No momento em que são liberados, diversos alunos saem às pressas da sala de aula, haja vista que julgam estar em um ambiente monótono e sem graça, em pleno final de semana. Esses alunos não aproveitaram a aula, já que não fizeram anotações, nem participaram com perguntas e debates. Alguns deles saem comentando que o dia foi maçante, chato e a aula desnecessária. “Eu poderia ler os slides em casa”, diz um deles.

Dias depois, quando o professor recolhe o trabalho dos acadêmicos, repara que não estão de acordo com a proposta do exercício e, sem ter interesse nas falhas dos alunos, pensando se tratar de descaso com o tema, ele lhes dá notas baixas – lendo superficialmente as respostas das questões. O Professor Projetor considera que esse seja o tratamento que os alunos merecem, principalmente por ele estar prestes a sair de viagem. Além disso, na visão do professor, os alunos não prestam atenção quando ele está falando e é nisso que dá ficar dormindo na aula.

Diante do caso descrito:

Poderíamos descrever o caso como uma típica aula em que professor e alunos estavam indispostos e não desempenharam suas "funções" com propriedade.

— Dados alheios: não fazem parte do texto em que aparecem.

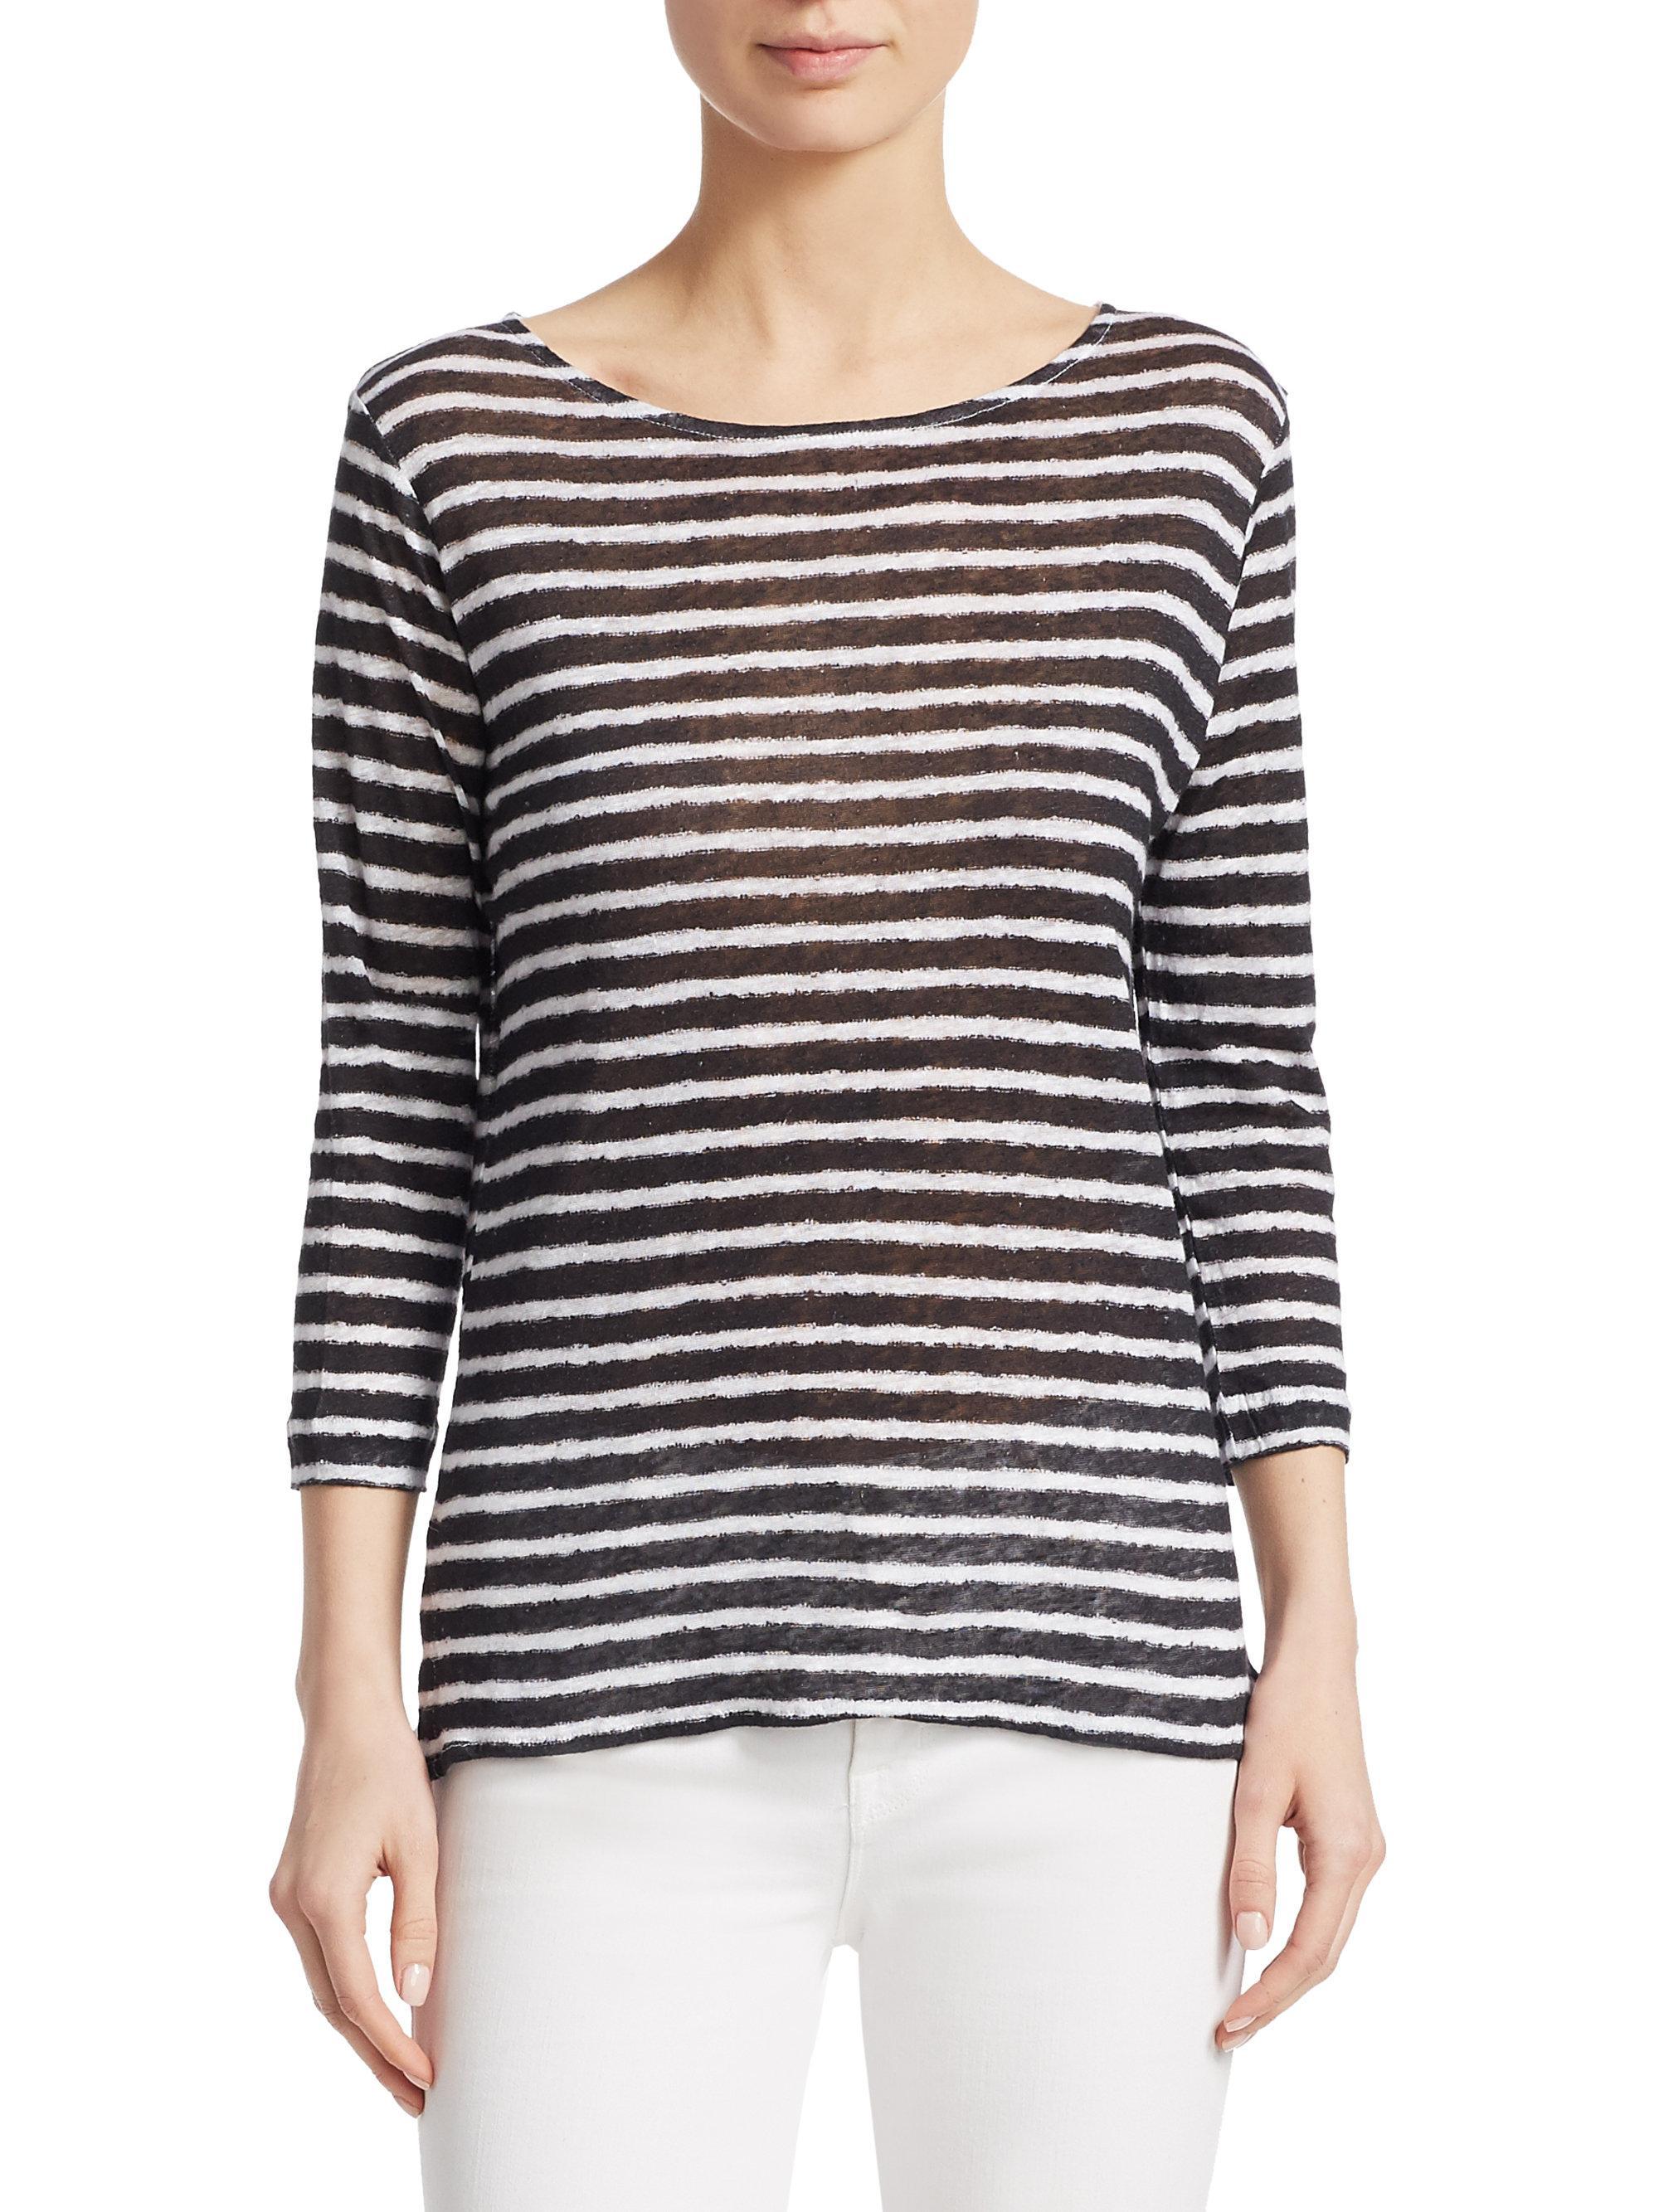 b28a6f3ce9 Lyst - Majestic Filatures Striped Linen Pullover in Black

Diante disso, a questão seria: Por que professor e alunos estavam tão "desconexos" nessa aula?

Algumas hipóteses para a falha na atuação:

a) O cansaço dos alunos interferiu na predisposição em receber o professor;

b) O professor não teve ânimo e motivação para elaborar uma aula criativa;

c) O professor tem pressa em sair da instituição e só pensa em passar o conteúdo com urgência;

d) Os alunos estão desmotivados e não encontram uma “âncora” para prestar atenção;

e) Os alunos não conseguem se concentrar na aula por fatores externos;

f) O professor não se preocupou com os fatores externos no momento de elaborar sua aula;

g) A proximidade das férias, o dia da semana e o fim de ano influenciaram na desmotivação do professor;

h) O professor não tem intenção prévia de ocasionar o interesse dos;

i) O professor comete "excessos de gracinhas" e não revisa/cuida de seu material;

j) O professor acredita que liderança é ter apenas a atenção dos alunos;

k) Os alunos continuam indispostos a prestar atenção, sem serem instigados;

l) Os alunos estão ansiosos em sair da aula;

m) O professor está ansioso em sair da aula;

n) O professor não fez um feedback de sua atuação e da compreensão dos alunos, etc.

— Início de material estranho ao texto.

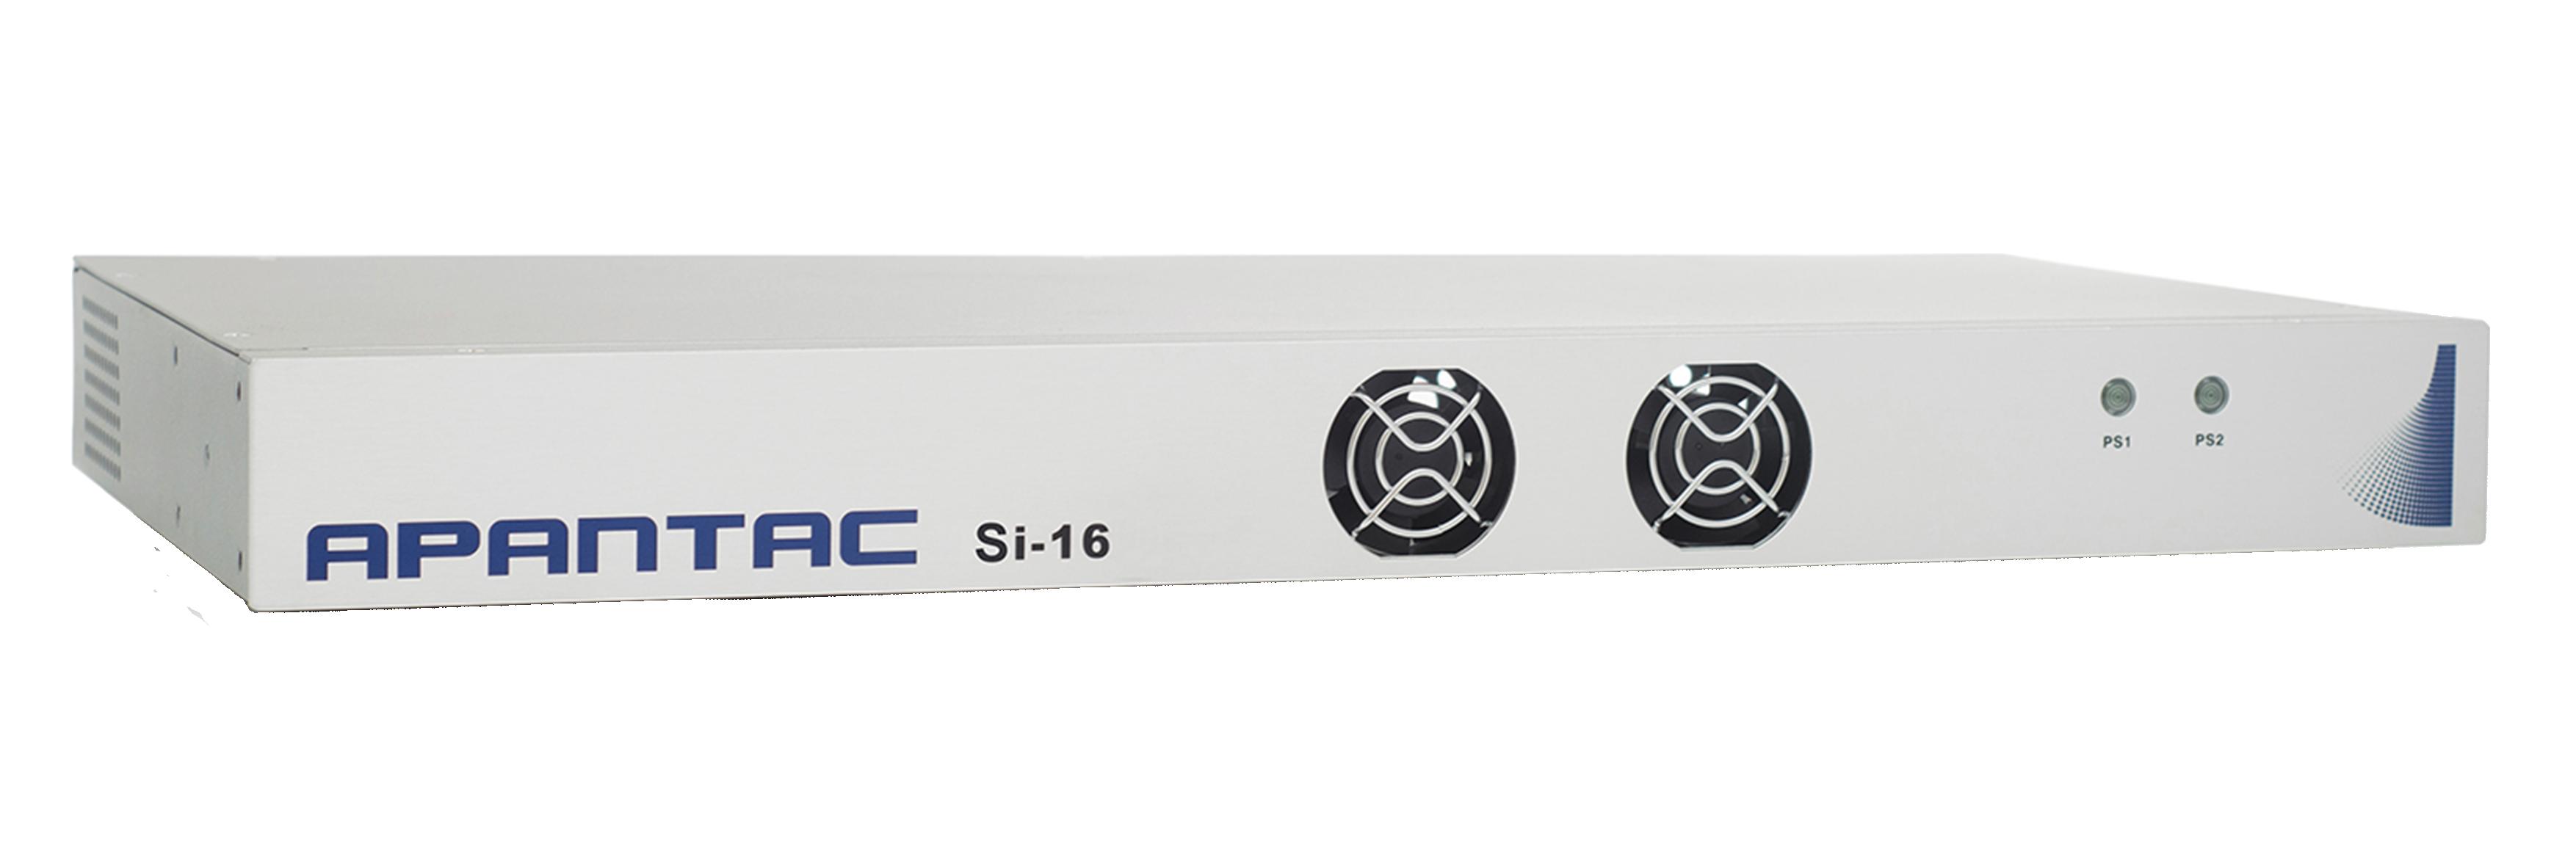 Apantac_Si-16_Video Over IP Multiviewer

Na obra Formação pedagógica: Como se ensina?, Fairstein e Gyssels (2005) afirmam que “a motivação é uma condição essencial para que se ponha em marcha o processo de aprendizagem”. Como percebemos, o Professor Projetor não teve essa predisposição em dar sua aula, com a vigorosa vontade de exercer tal ato, o que – logo de início – quebrou a base do processo de aprendizagem, acarretando o mal entendimento do conteúdo por parte dos acadêmicos e, por conseguinte, um desempenho ruim na realização das atividades propostas.

Fairstein e Gyssels ainda nos dizem que o estado mais comum dos alunos é a desmotivação, pois o ensino se propõe a processar a tarefa de que as pessoas queiram aprender coisas que desconhecem. As autoras afirmam que o educador precisa saber que a motivação não nasce espontaneamente, naturalmente ou mecanicamente, senão com estímulos.

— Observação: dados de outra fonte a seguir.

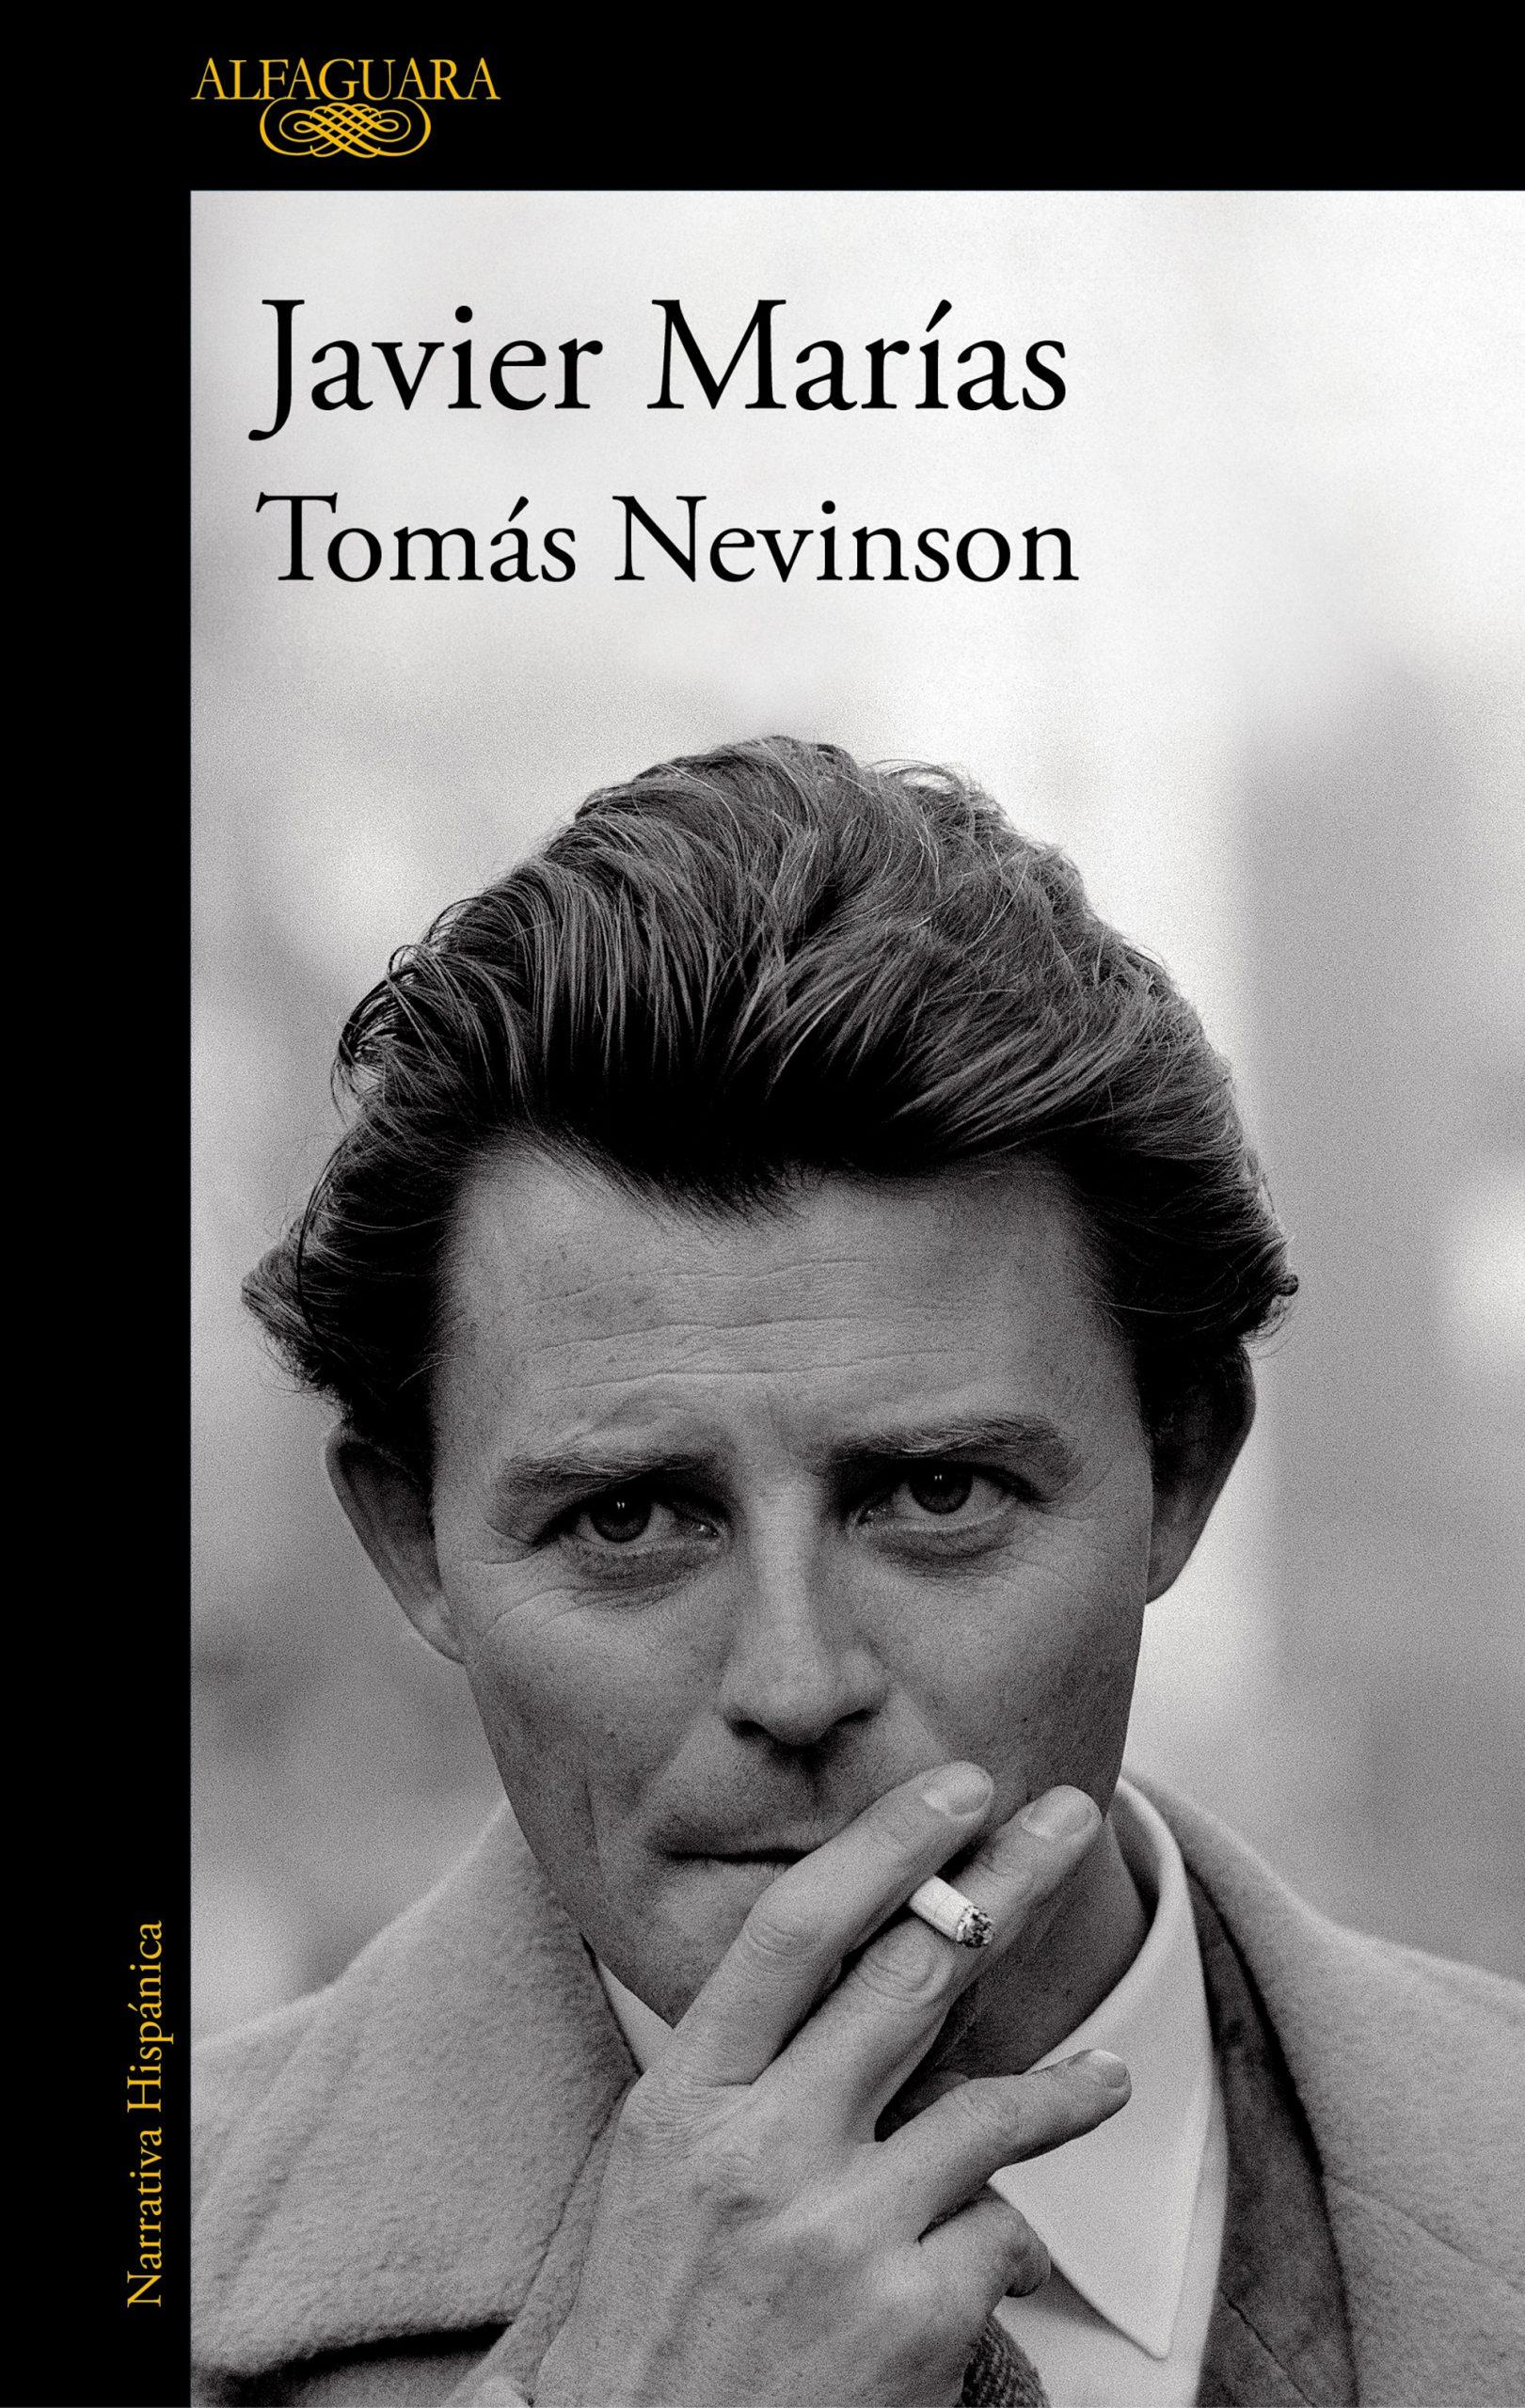 TOMAS NEVINSON

Essa tarefa, de estimular os alunos, foi praticada em um contexto completamente equivocado da parte do Professor Projetor, que, ao invés de centrar na matéria com as suas particularidades interessantes, resolveu fazer algumas piadas durante a aula. Os alunos entenderam a ação do professor como algo desapropriado para o momento e a aula não fluiu.

Como podemos perceber pelos momentos iniciais da atividade do professor, não houve um planejamento da aula, uma antecipação ou uma busca de estratégias relacionadas ao que as estudiosas chamam de criação de um bom clima de trabalho. Fairstein e Gyssels reforçam, também, a criação de tarefas em grupos como grande fonte de motivação.

A avaliação desse caso pode ser dada como um equívoco de ambas as partes, pendendo responsabilidades para o lado do professor, que não valorou seu trabalho, acreditando estar desperdiçando o seu tempo e, por fim, acabou por desmerecer a finalidade de uma aula expositiva (dialogada), recusando a participação dos alunos - que ficaram dispersos durante a explanação do conteúdo e não assimilaram a matéria.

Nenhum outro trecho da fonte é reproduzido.